Sidestep the snooze fest

Keep in mind that your pitch should excite you, chef. If you don’t get excited about what you’re saying, neither will your audience. Tap into what makes you passionate about your work and showcase that in your delivery. It’s true that others don’t always remember exactly what’s being said, but they’re likely to remember how enthusiastically you’re saying it.

The read through

When you’ve completed each section of your pitch, put it all together. Then, read it aloud and time how long it takes. Try to cut out anything that doesn’t absolutely need to be there. Try it out on others and take on board the feedback.

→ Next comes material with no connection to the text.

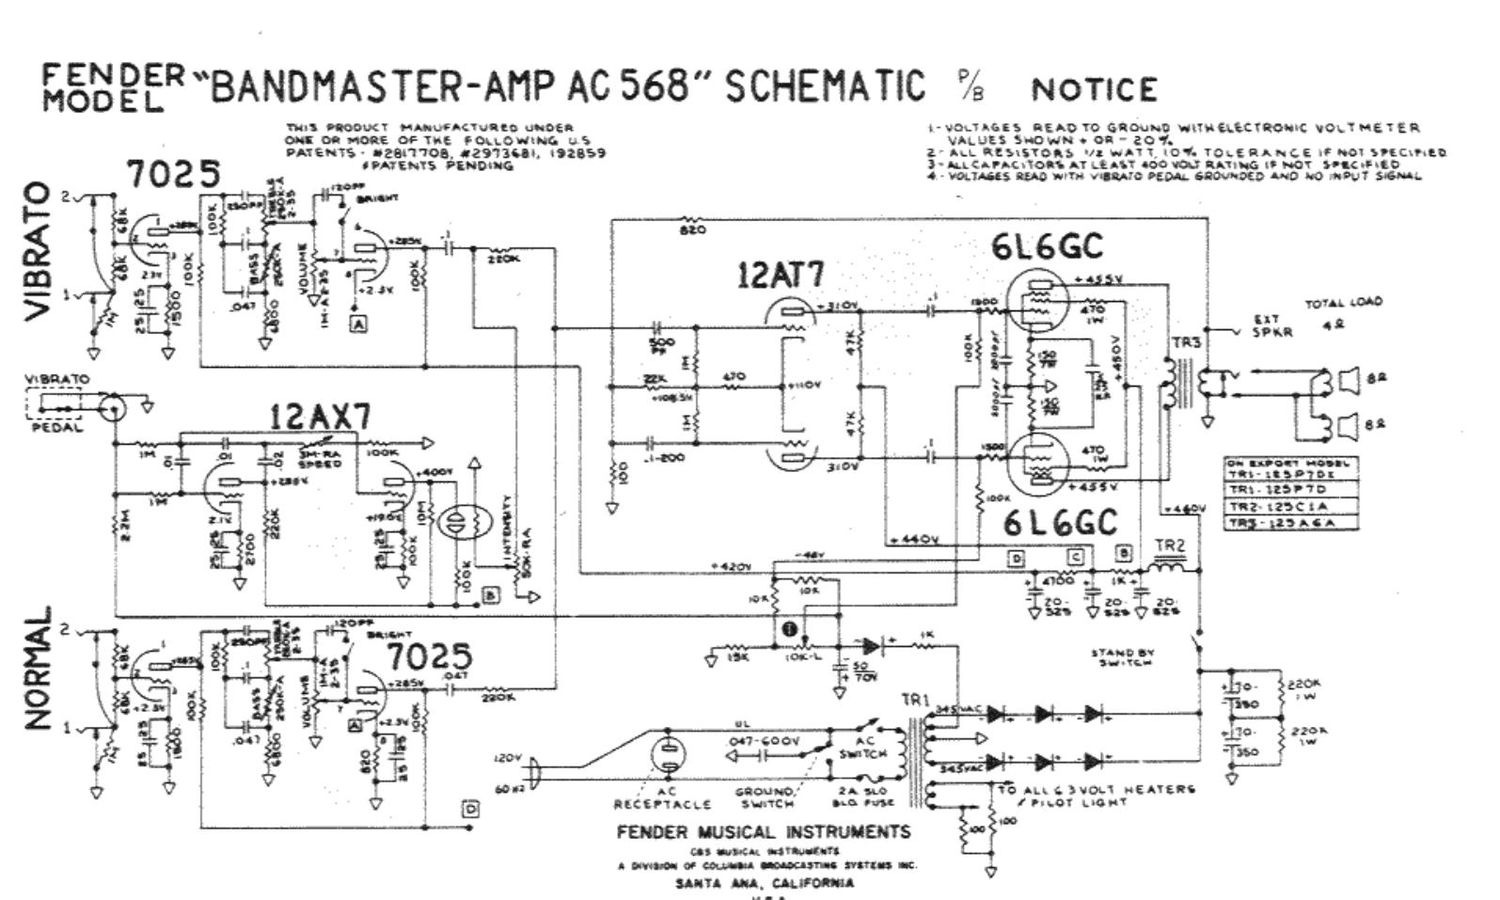 fender bandmaster ac568 schematic

It can take some time to get your pitch right. You’ll likely go through several versions before finding one that’s compelling and that sounds natural in conversation. But at the end of this process you should have an impactful and well-rounded pitch that you’re happy delivering. As you get used to delivering your pitch, it is fine to vary it a little – the idea is that it doesn’t sound too formulaic or like it’s pre-prepared, even though it is!

Practice makes perfect

Just like a new recipe, practice makes perfect. If you don’t practice, it’s likely that you’ll talk too fast, sound unnatural or forget important elements of your pitch. The more you practice, the more natural your chef elevator pitch will become. You want it to sound like a smooth conversation, not an aggressive sales pitch.

Consistently make a great first and lasting impression

Keep these tips in mind and you’ll be able to develop an elevator pitch that will not only help support you during your search for a new chef job, but enable you to make a great first and lasting impression with new colleagues, bosses, contacts or mentors.